- Born: 1847? Dublin, Ireland
- Died: 1928 (aged 80–81)
- Resting place: Layde, Cushendall

= Barbara McDonnell =

Barbara McDonnell (1847?–1928) was an Irish philanthropist.

==Life==
Barbara Montgomery McDonnell was born around 1847 in Dublin. She was the youngest daughter of a prominent surgeon, John MacDonnell, and Charity MacDonnell (née Dobbs). She had three sisters and six brothers. Two of her brothers were Robert McDonnell and Alexander McDonnell. Her paternal grandfather was James MacDonnell, and her uncle was Sir Alexander Macdonnell. Her maternal great-great-grandfather was Arthur Dobbs. McDonnell's early life was spent in Dublin, but then the family moved to Cushendall, County Antrim around 1885. Her elder sisters, Rose Emily McDonnell and Catherine Anne Stewart McDonnell, founded a cottage hospital in Cushendall in August 1885. The hospital eventually became part of the National Health Service. It is possible that McDonnell was the "cultured lady from Cushendall and trained in nursing" who took up the position as the first matron of Coleraine Cottage Hospital. This hospital was founded in 1894, modelled on the Cushendall hospital.

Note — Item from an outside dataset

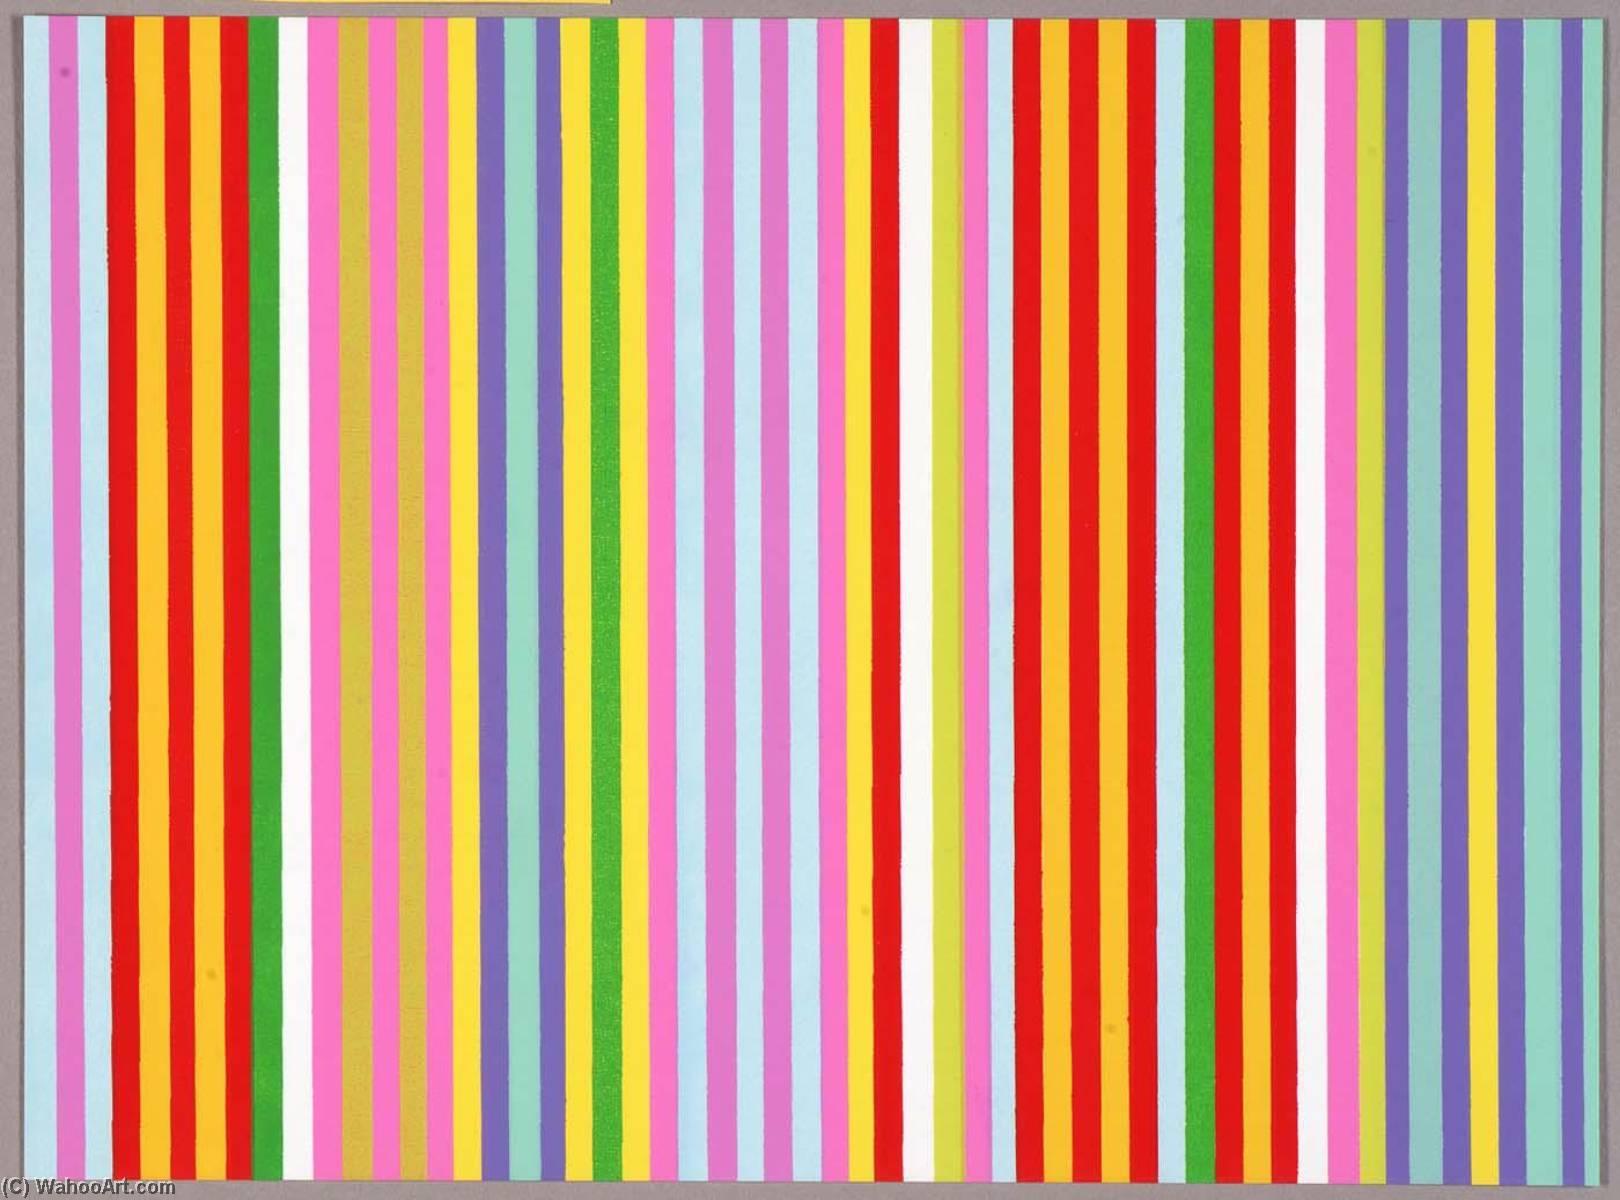 WikiOO.org - Енциклопедія образотворчого мистецтва - Живопис, Картини  Gene Davis - Powwow

McDonnell founded a toy factory in Cushendall in 1900, employing local people and promoting wood working skills. The toys proved popular, and were sold in Ireland as well as England and the United States after they were exhibited at 1904 the St Louis World's Fair. It was craftsmen from Cushendall made dolls' house furniture for the National Museum of Ireland. The factory closed in 1914 during World War I due to a lack of available labour. At this time McDonnell helped to nurse returned wounded soldiers from the war, at which time she was in her 70s.

McDonnell was unanimously chosen as the president of the first Glens of Antrim Feis in the summer of 1904, as she had a particular interest in the Irish language and other traditions. She resigned in October 1904 in protest at the takeover of the event by Belfast.

She died on 29 December 1928, and is buried at Layde, Cushendall on 2 January 1929.